The reasons are evident: ETH's rise is driven by institutional real money rather than self-funding from the crypto market. In the current context of limited liquidity, institutional investment targets are also more conservative, preferring coins with controllable risks. This results in funds being unable to spill over into the altcoin market. In other words, the upward momentum driven by Ethereum is difficult to transmit to altcoins. In fact, there is already a sentiment in the market that "the current ETH is last year's BTC," which holds some truth. Of course, a comprehensive altcoin boom may be hard to replicate, but there are still opportunities for a structural altcoin bull market, which will depend on investors' own instincts.
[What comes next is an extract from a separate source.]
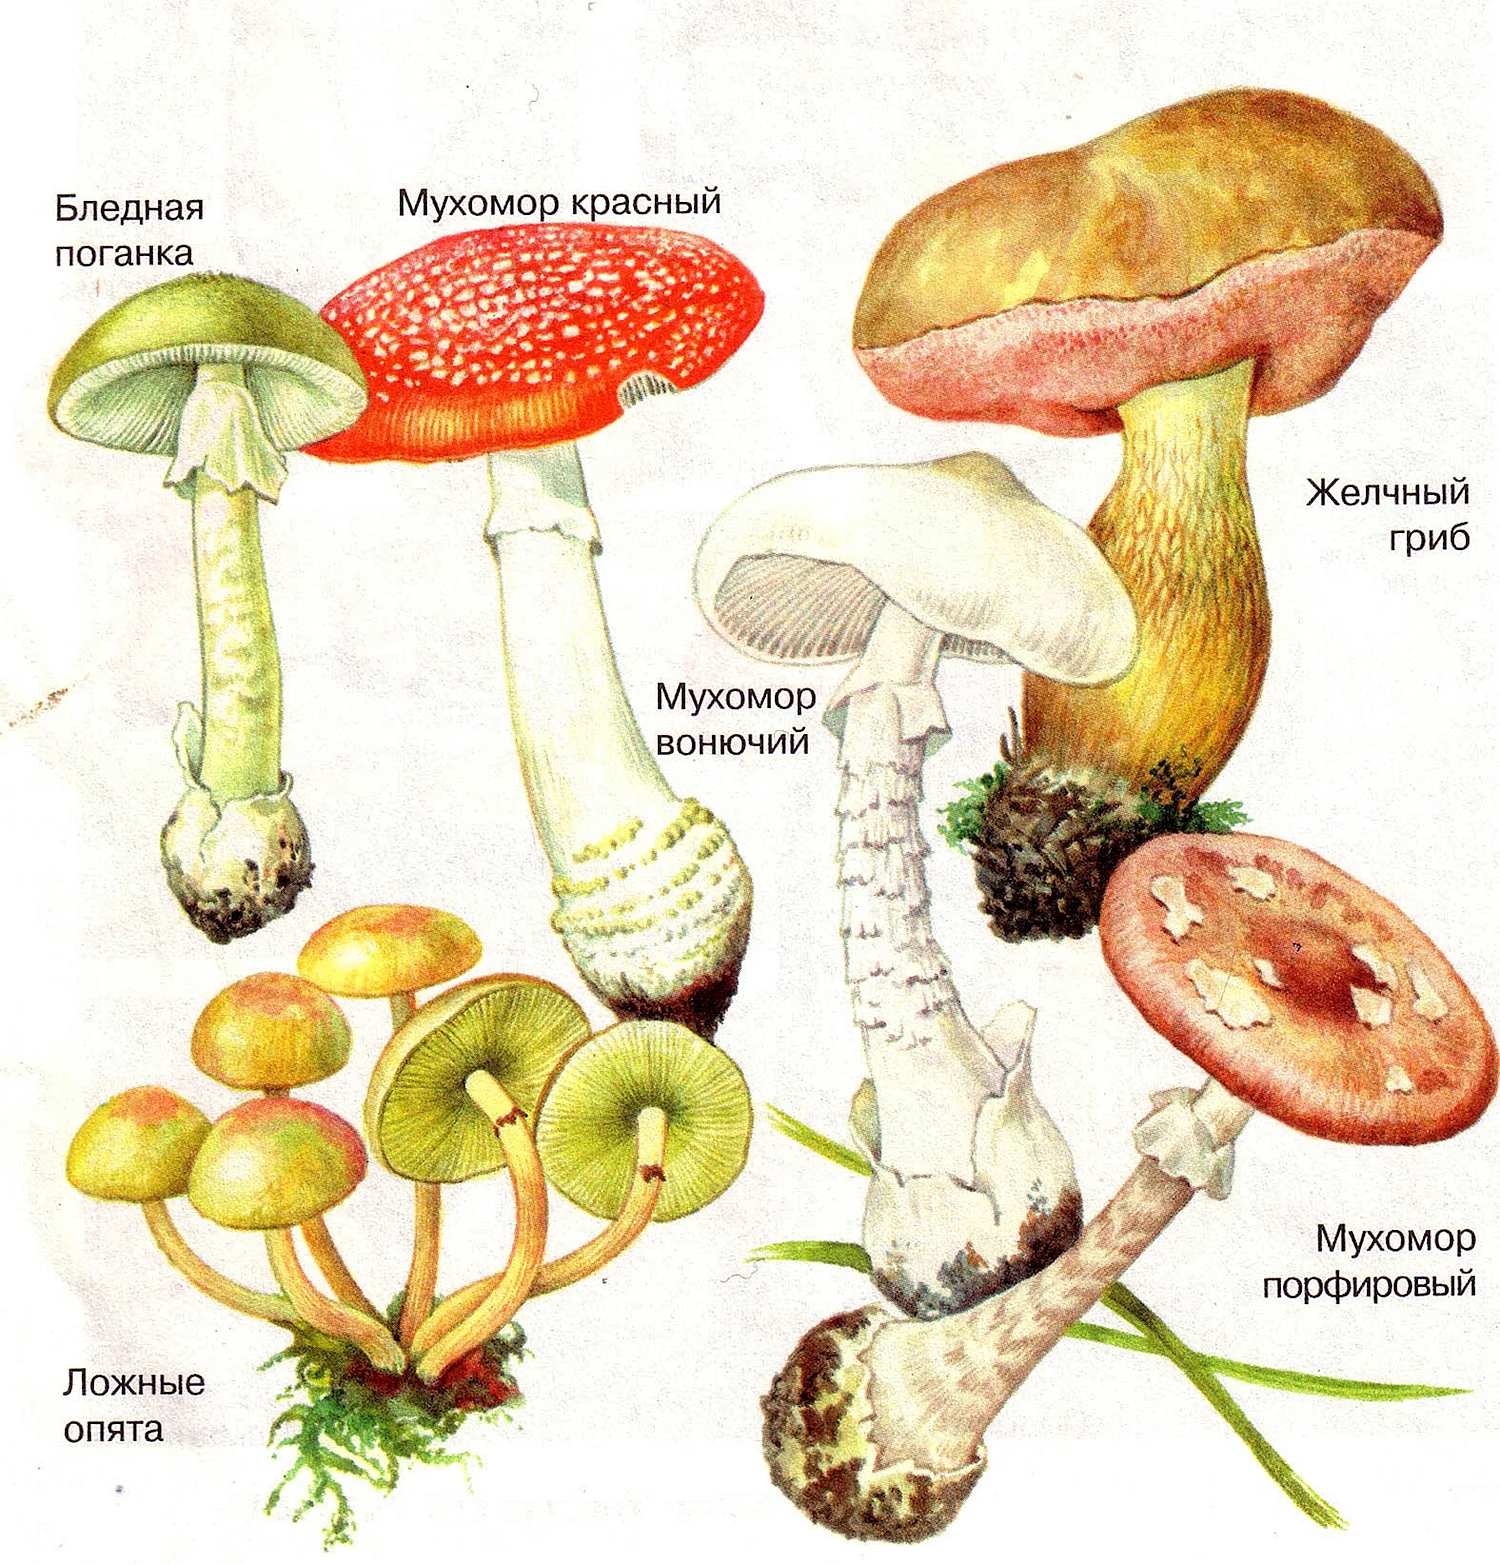 Шляпочные грибы ядовитые грибы

Fortunately, another event worth looking forward to is approaching. The U.S. Department of Labor reported that the growth in non-farm payrolls in July was significantly below expectations, and the unemployment rate rose slightly, greatly increasing the likelihood of interest rate cuts. On August 9, local time, Michelle Bowman, Vice Chair of the Federal Reserve, released two key messages in her latest speech, supporting three interest rate cuts this year and announcing that she would host a community bank meeting on October 9.

Moreover, CME's "FedWatch" data reveals that the probability of the Federal Reserve maintaining interest rates in September is 11.6%, while the probability of a 25 basis point rate cut is 88.4%.